As the rate of infections continues to rise, the news flow is all one-way. And sentiment in the markets is following. But we should not lose sight of the fact that this crisis will pass. Indeed, amid all the negative news, the success in containing the coronavirus in China and other Asian countries is being overlooked. And this is where the coordinated policy response will really matter. Assuming that firms and workers emerge from the crisis relatively unscathed, fiscal and monetary easing should lay the foundation for a swift rebound for the economy.
An economic recovery, when it materializes, is not consistent with the pound at its current levels. A number of factors have prompted the pound's slump. Demand for safe-haven dollars is one, but the UK's reliance on the "kindness of strangers" is also important given its large current account deficit.
4.14pm GMT
The US dollar has surged in recent weeks as companies have scrambled to find the reserve currency wherever they could - even if that meant the forced selling of safe-haven assets such as Treasury bonds that they might otherwise have wanted to hold.
But the Federal Reserve and other central banks appear to have sated that appetite, and the dollar has fallen back.
The US Federal Reserve's efforts to shield the economy from the effects of the coronavirus have - for now - slowed a scramble for dollars that threatened to clog funding markets.
The dollar had gained almost 9% in 11 days in the rush for cash, but it fell on Tuesday, at one point to its weakest since 19 March.
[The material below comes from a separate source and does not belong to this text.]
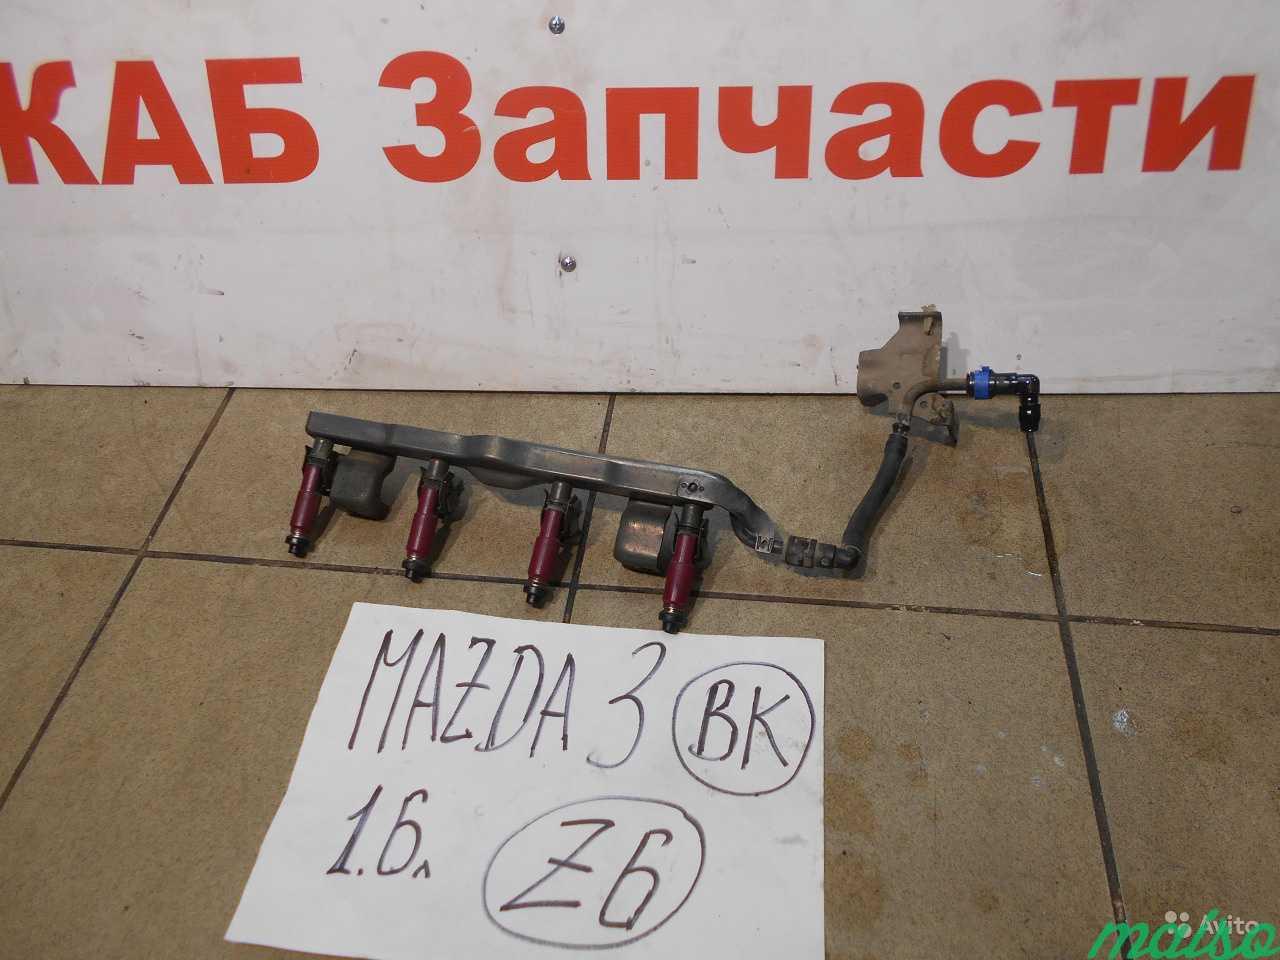 Форсунка топливная инжекторная Mazda 3 BK 1.6 Z6 в Санкт-Петербурге. Фото 1

Measures of demand for dollars signalled that many businesses and banks felt they had enough for now.
3.56pm GMT
EDF Energy plans to cut the 4,000-strong workforce at the Hinkley Point C nuclear construction site by more than half after an outcry over plans to continue construction despite national efforts to stem the spread of the coronavirus.
The company said it would scale back the number of worker on Britain's biggest construction site to less than 2,000 over the coming days after the prime minister told Britons they "must stay at home" through a 21-day lockdown.
3.53pm GMT
If you are among our British readers you were probably watching the prime minister last night as he announced lockdown.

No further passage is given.